Thank the lord for a little easy Hillary content on a slow news day.
“Some in Clintonworld say Hillary fully intends to be the nominee,” wrote Maureen Dowd yesterday of her chats with Clinton cronies. “Her consigliere, Philippe Reines, has prodded reporters on including her name when they write about 2020 candidates.” Bill has allegedly told friends that she knows how she’d run next time, with a scaled-down campaign in which she speaks from the heart instead of scripting everything. Which raises a horrifying question: What would Hillary Clinton speaking from the heart sound like?
Anyway, it’s not happening. Early primary polls are nothing more or less than tests of name recognition and there may be no person alive today in America apart from ex-presidents whose name is recognized as much as Hillary Clinton’s is. If she’s not leading in the early polls, she surely won’t surge in later ones. In fact, her favorable rating here is a cozy 39/55, which ought to remind Democratic voters of one of her most dubious distinctions from 2016: Somehow she lost a popularity contest to Donald Trump. She may be the only Democrat in the country with a national profile who was capable of doing so.
When Clinton is factored into the poll, she bumps [Beto] O’Rourke down to fourth place, though his support grows from 7 percent to 9 percent.
Biden and Sanders — who have positive favorability ratings — remain in first and second respectively in that scenario, but their numbers slightly shrink. Biden then has 25 percent, while Sanders garners 15 percent.
Clinton comes in third place, with 13 percent of support…
“Hillary jumping into this race doesn’t put her in front but gives a place from which she could grow,” Penn said.
There’s no argument for giving Hillary a second shot at Trump instead of giving Biden or Bernie (or Beto, or Kamala Harris) a first one. When she realizes that, assuming she hasn’t already, she’ll conclude that she’s better off with a legacy as the first woman major-party nominee and winner of the national popular vote instead of one as the has-been who didn’t know when to quit and was humiliated in her third run for president. I can sort of imagine a scenario in which Bernie is ruled out as too old and Biden stumbles over issues relating to insufficient wokeness (the Clarence Thomas hearing, his support for the crime bill) and Democrats are forced to take a second look at Hillary. What I can’t imagine is why, having taken that second look and remembering that she’s the only candidate who’s proved she’s capable of losing to Trump, they wouldn’t keep on looking and opt for O’Rourke, Harris, Warren, etc.
Speaking of which, Hillary’s not the would-be candidate who’s received the worst polling news lately.
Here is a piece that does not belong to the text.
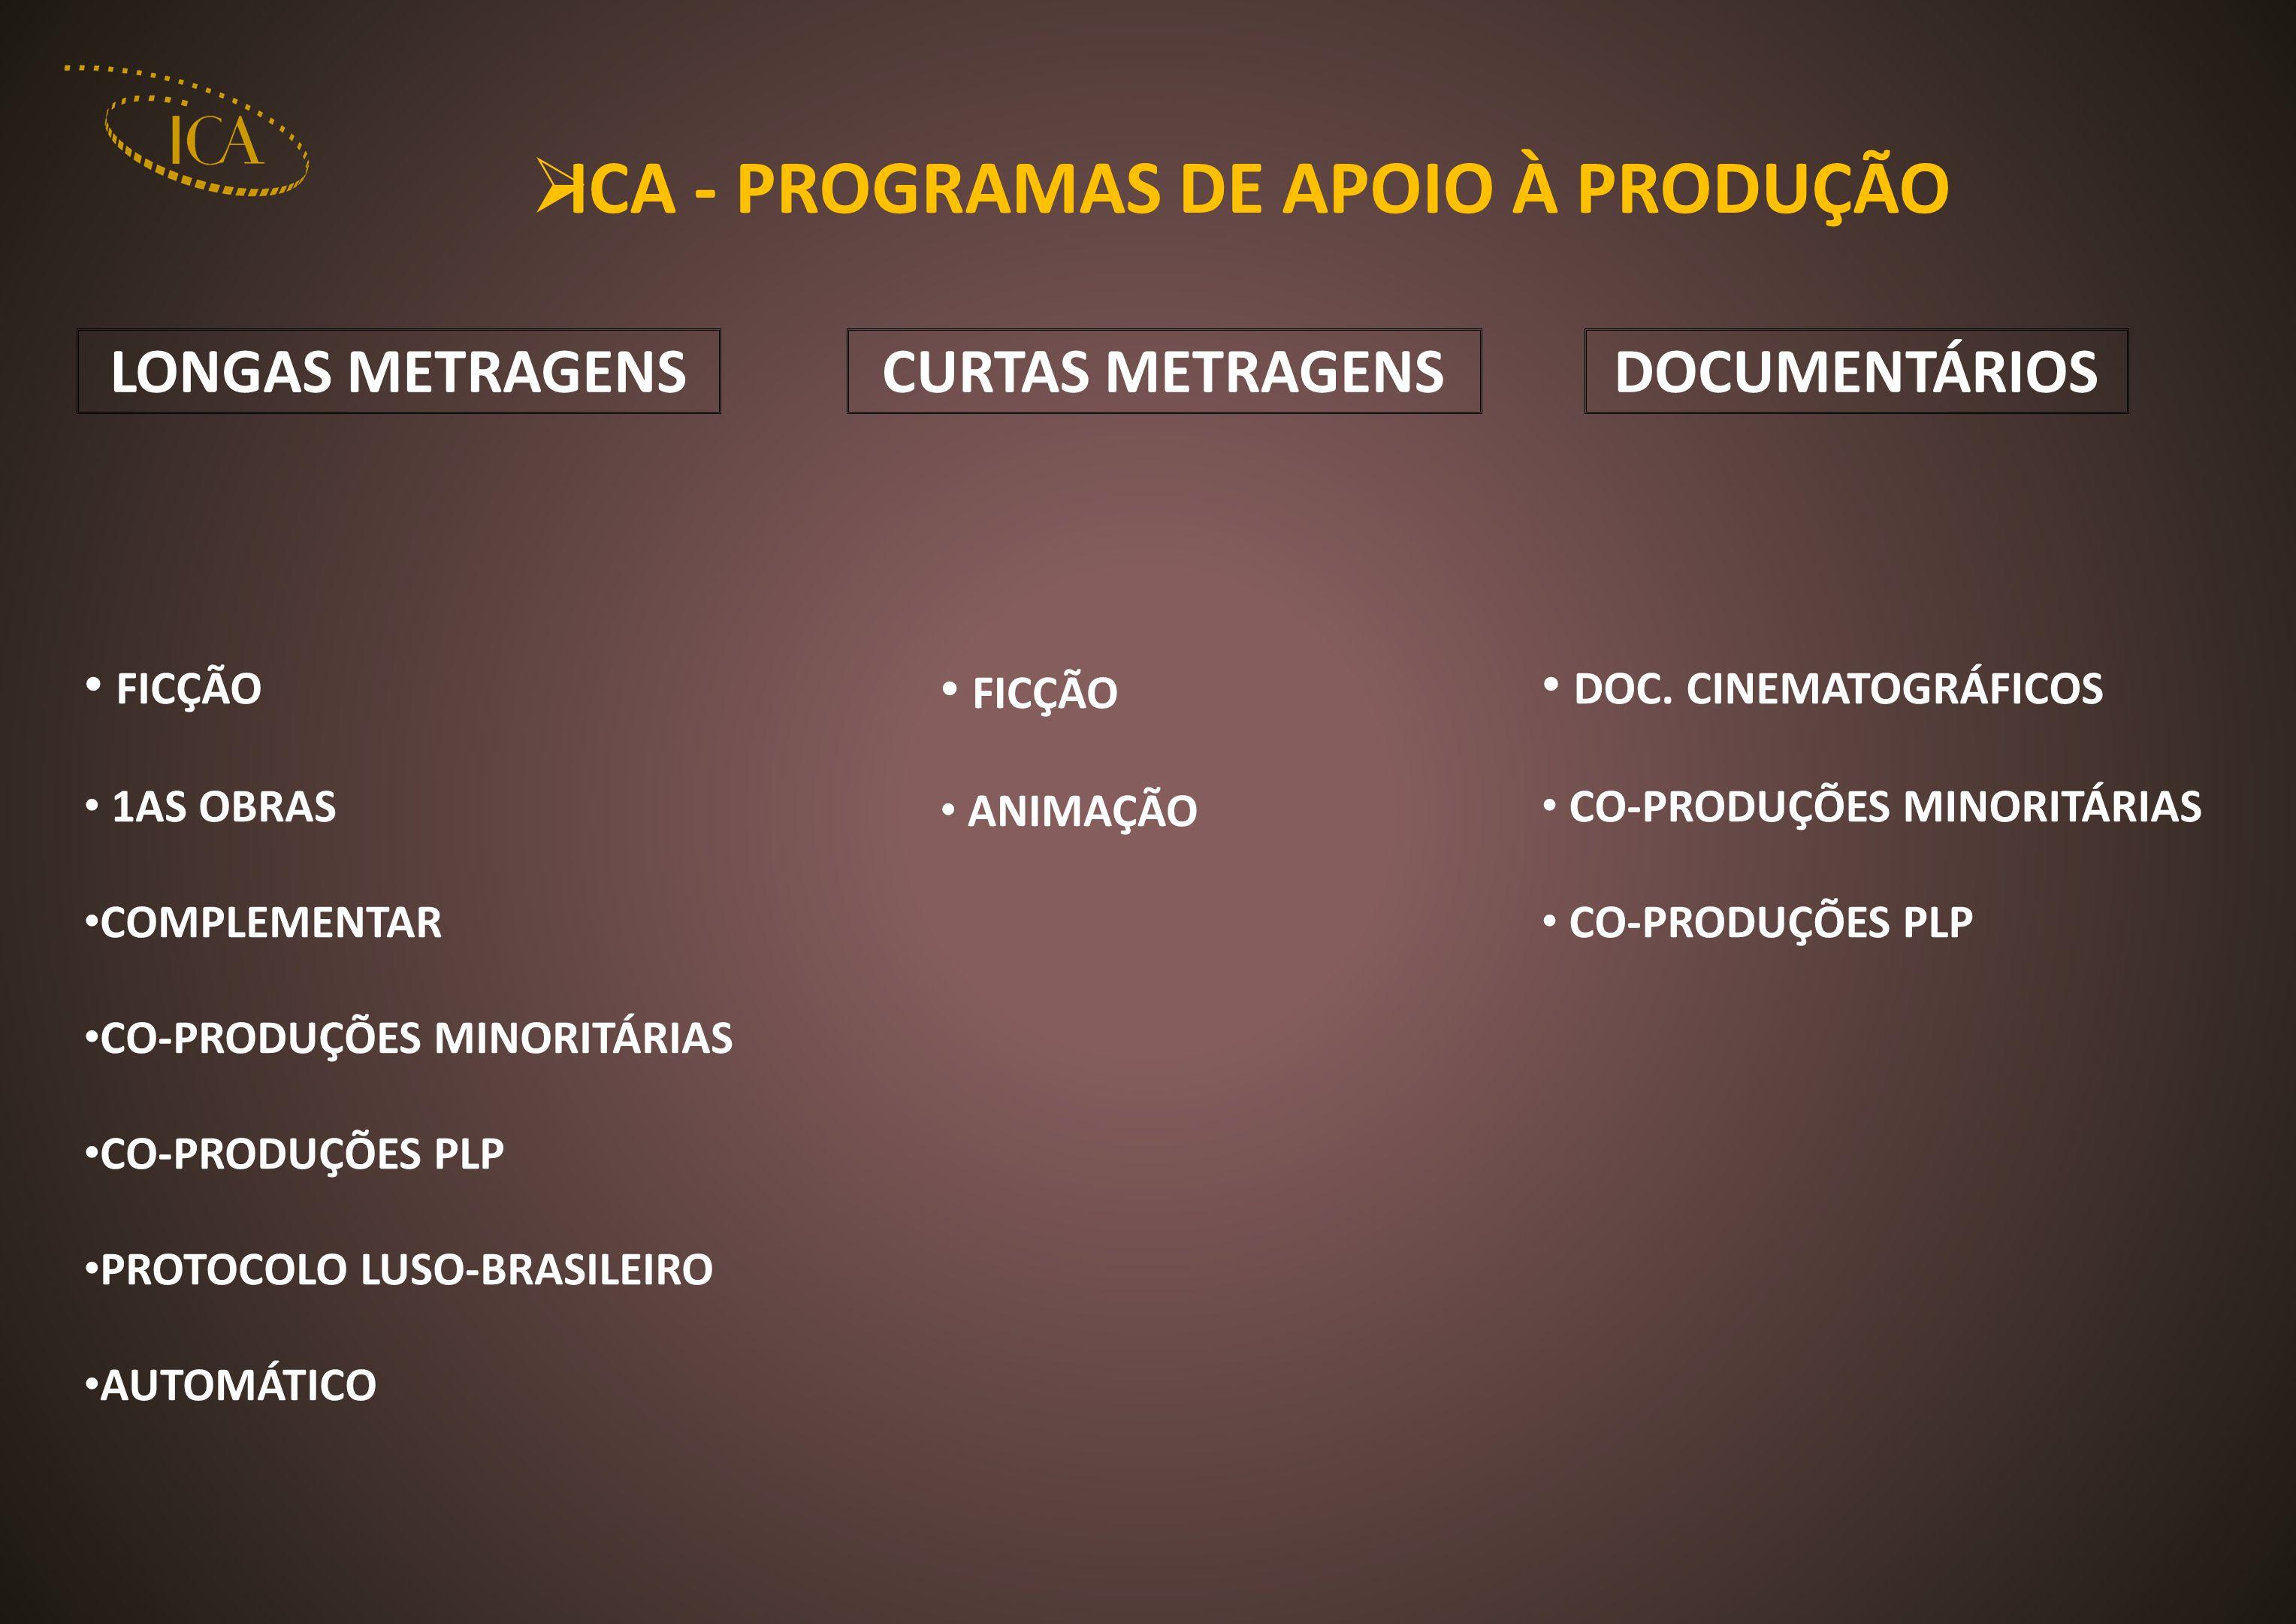 ICA - PROGRAMAS DE APOIO À PRODUÇÃO LONGAS METRAGENSCURTAS METRAGENSDOCUMENTÁRIOS FICÇÃO 1AS OBRAS COMPLEMENTAR CO-PRODUÇÕES MINORITÁRIAS CO-PRODUÇÕES

That distinction goes to Elizabeth Warren, noted Harry Enten recently, after a poll of Warren’s home state turned out relatively grim for her:
A UMass/YouGov study of Massachusetts Democrats and Democratic-leaning independents finds former Vice President Joe Biden at 19% to Sanders’ 14% to Warren’s 11% in a hypothetical Democratic presidential primary. A large 27% answered “don’t know.” YouGov’s polling does not meet CNN’s standards because it doesn’t use probability sampling…
[Y]ou would think that candidates who just ran major statewide races in their home states would be favorites in their home states. In this case, Warren isn’t only not in first place, but she’s also not even in second place. A full 89% of Massachusetts Democrats are not behind her at this point.
The lack of home state love should, in theory, be worrisome for Warren. These are the voters who know her best. If she is underperforming with them, then it follows that she may do worse than expected when exposed more fully to Democrats nationally.
Historically, home-state polling is actually a decent indicator of a candidate’s national strength early on, notes Enten. Warren looks weak here, just as she’s looked surprisingly weak in some early national polls. Not only that, but Enten points out that she actually underperformed in her Senate race in Massachusetts this year relative to expectations. Hillary won the state by a wider margin against Trump two years ago than Warren, an incumbent senator and presidential hopeful, did against her no-name Senate challenger last month. She’s not personally likable the way O’Rourke is, she’s not as progressive as Bernie is (or maybe as Harris is), she’ll be in her 70s when the caucuses begin in a state where Democrats are clamoring for next-generation candidacies. What’s the argument for her?
Exit question: Does Joe Biden, who’s hoping to line up support from ObamaWorld, already have a Beto O’Rourke problem?